- **Information**
__________
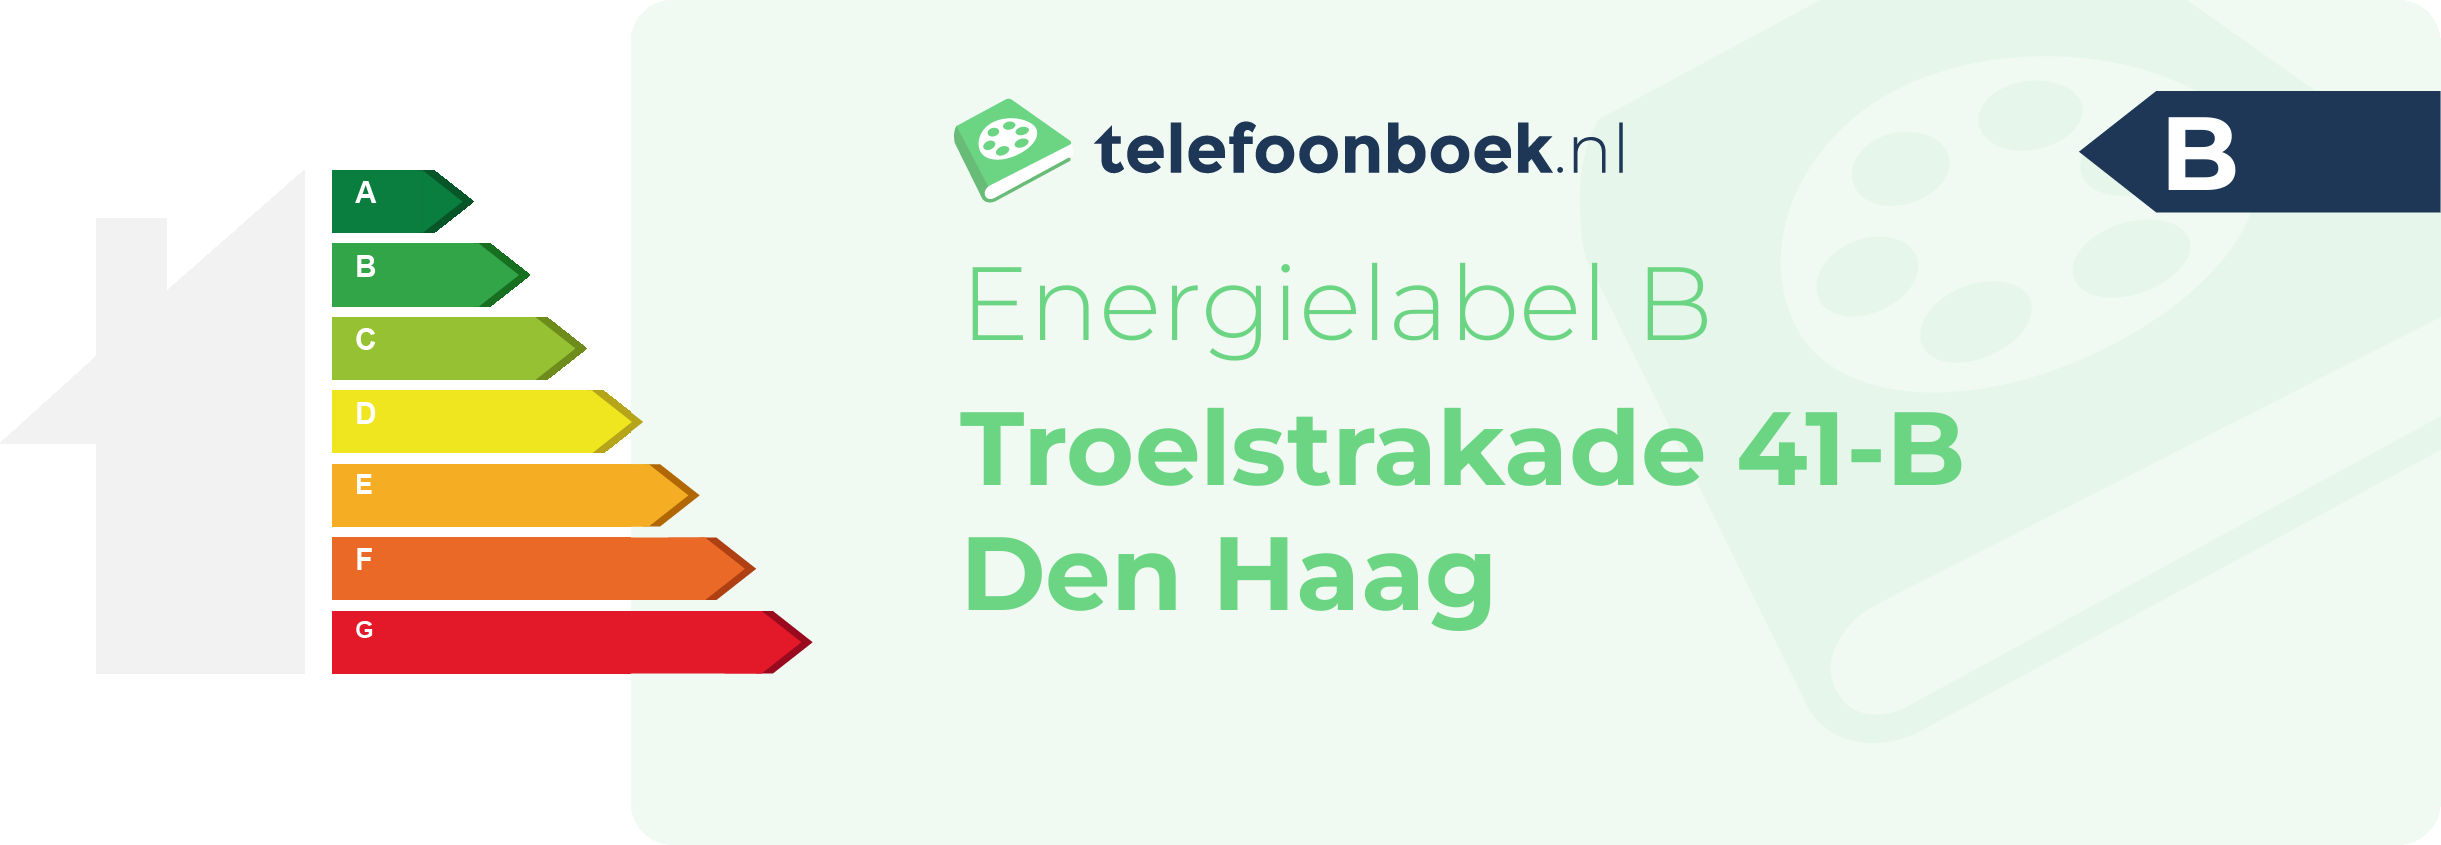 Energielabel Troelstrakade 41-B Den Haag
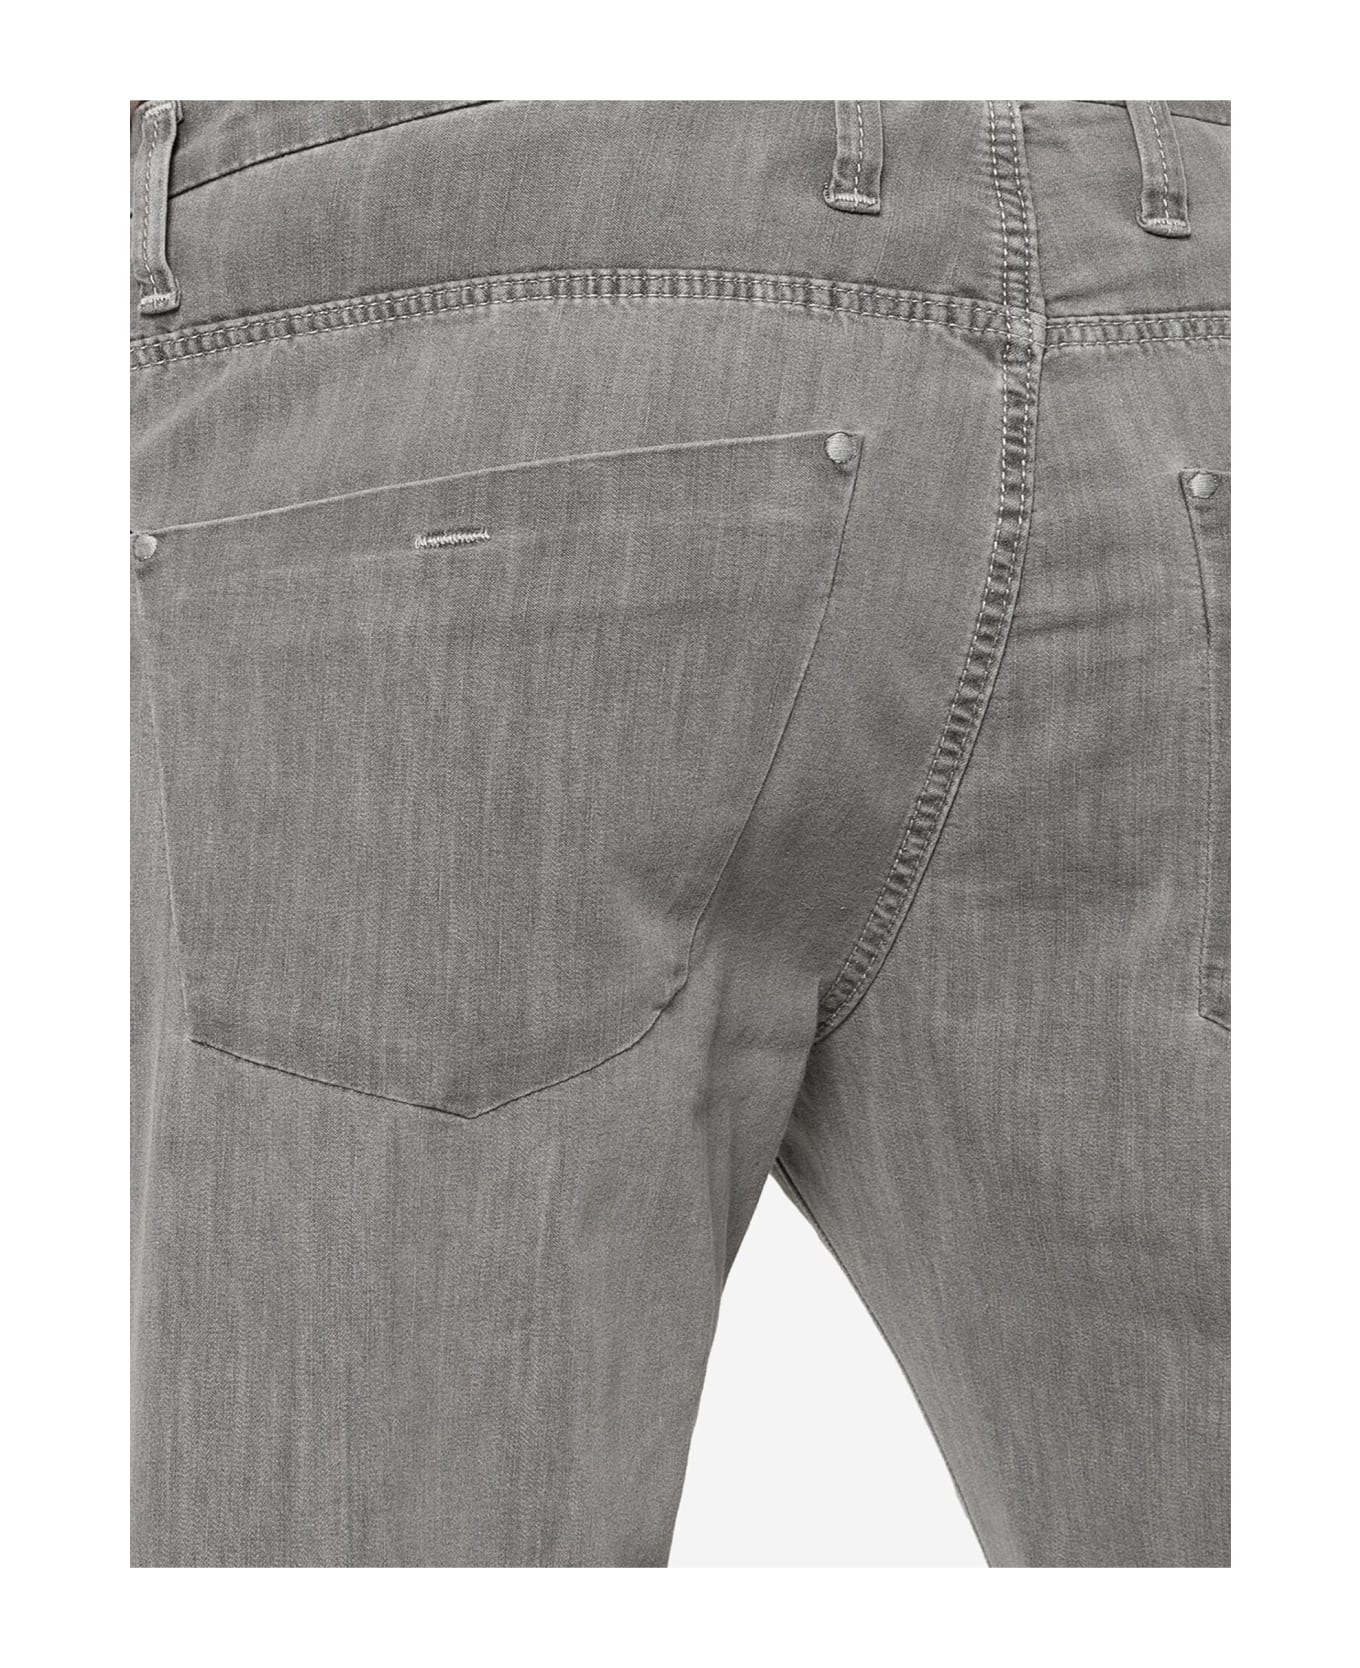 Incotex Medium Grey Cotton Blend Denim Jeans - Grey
__________
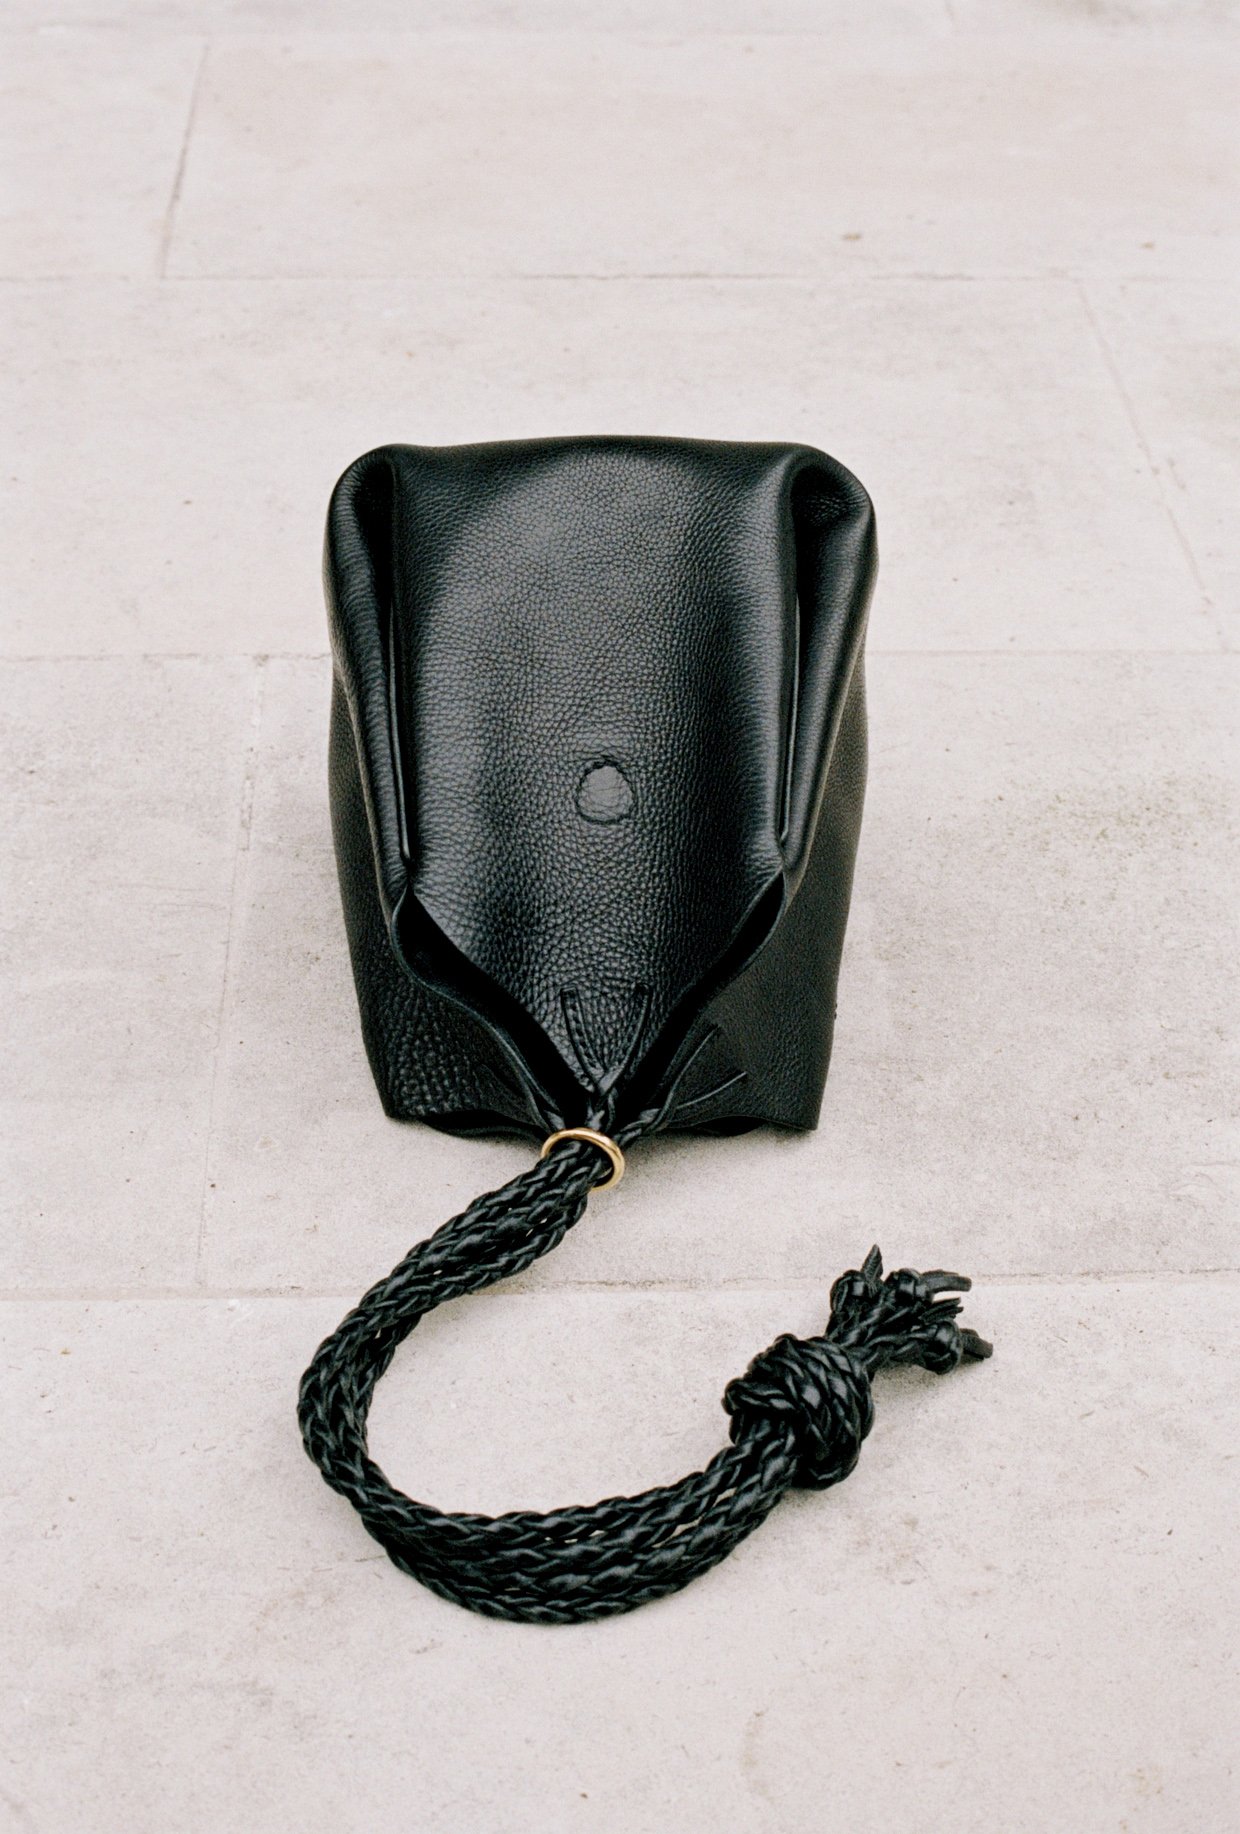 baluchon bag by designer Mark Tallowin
__________
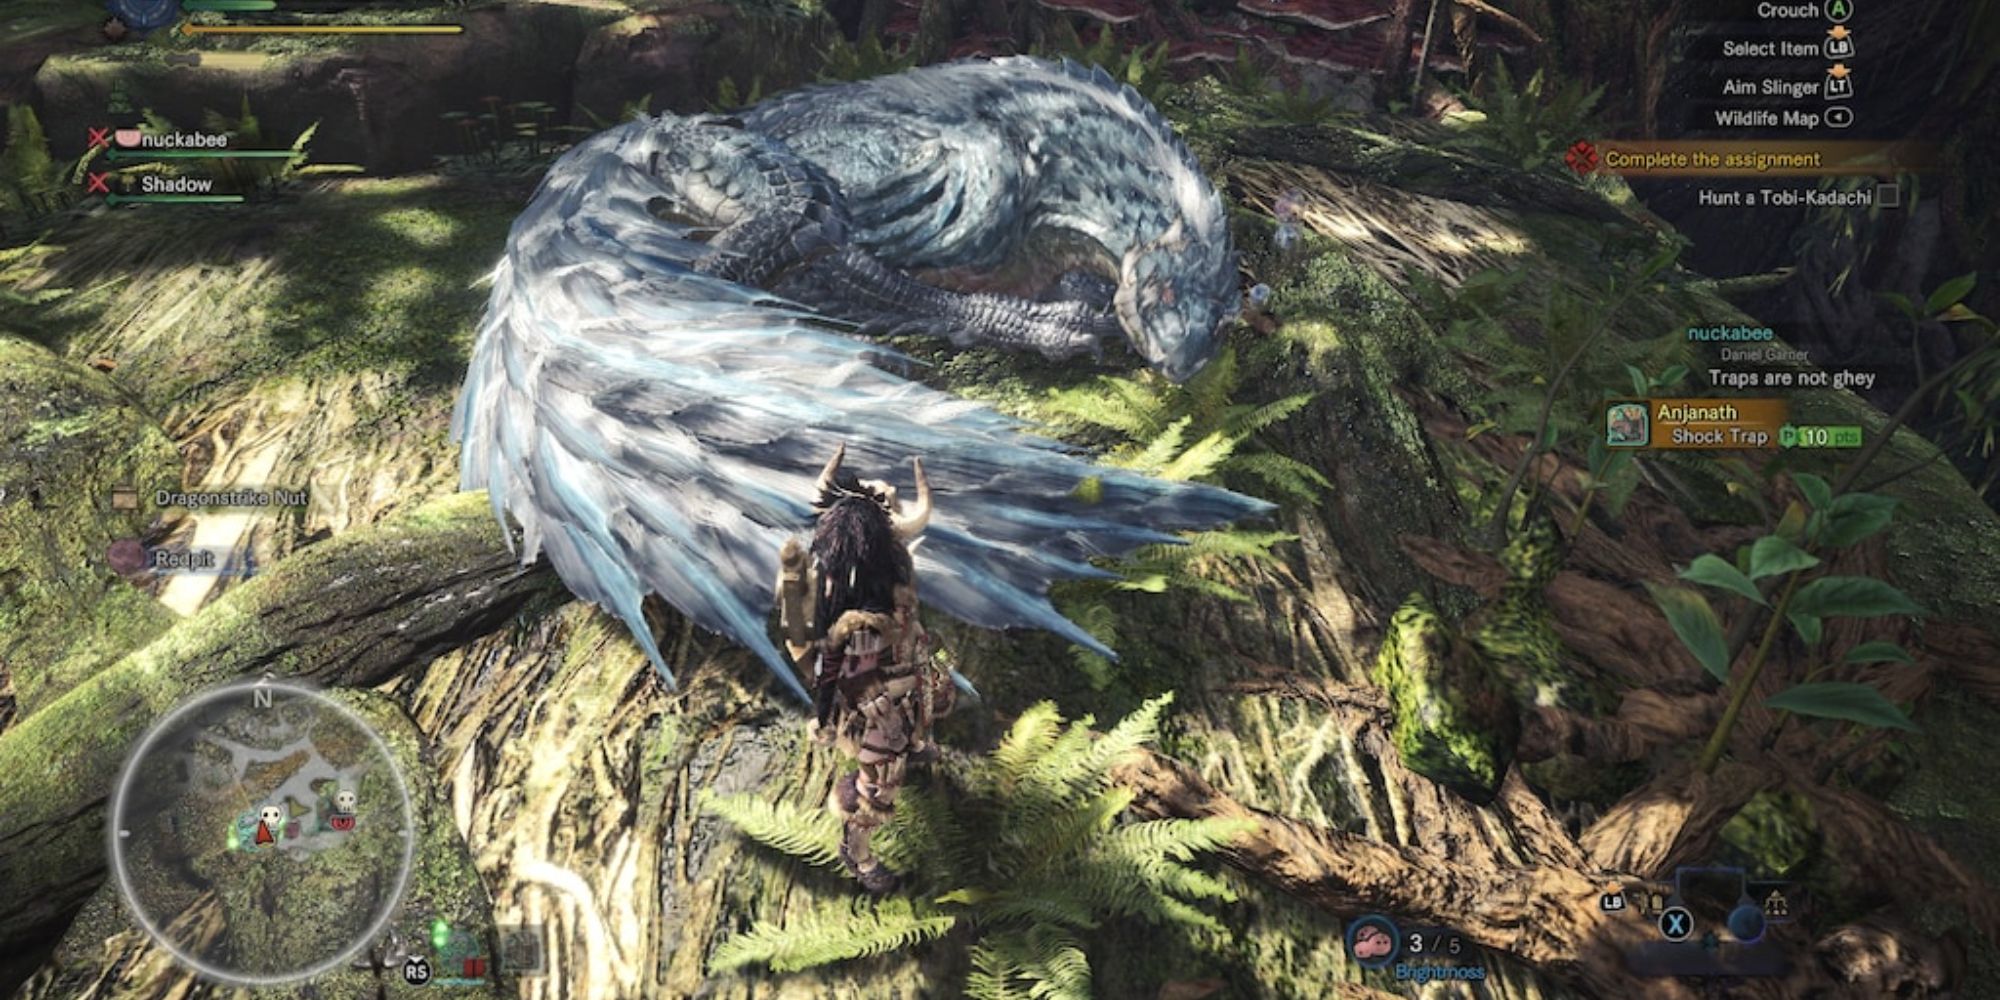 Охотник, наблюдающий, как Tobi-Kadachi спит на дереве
__________
- **Your instructions**
From the records above, quote word for word only the lines beginning at the line that has "Energielabel Troelstrakade 41-B Den Haag" and stopping after the line that has "Incotex Medium Grey". Omit the pictures.

- **Expected output**
 Energielabel Troelstrakade 41-B Den Haag
 Incotex Medium Grey Cotton Blend Denim Jeans - Grey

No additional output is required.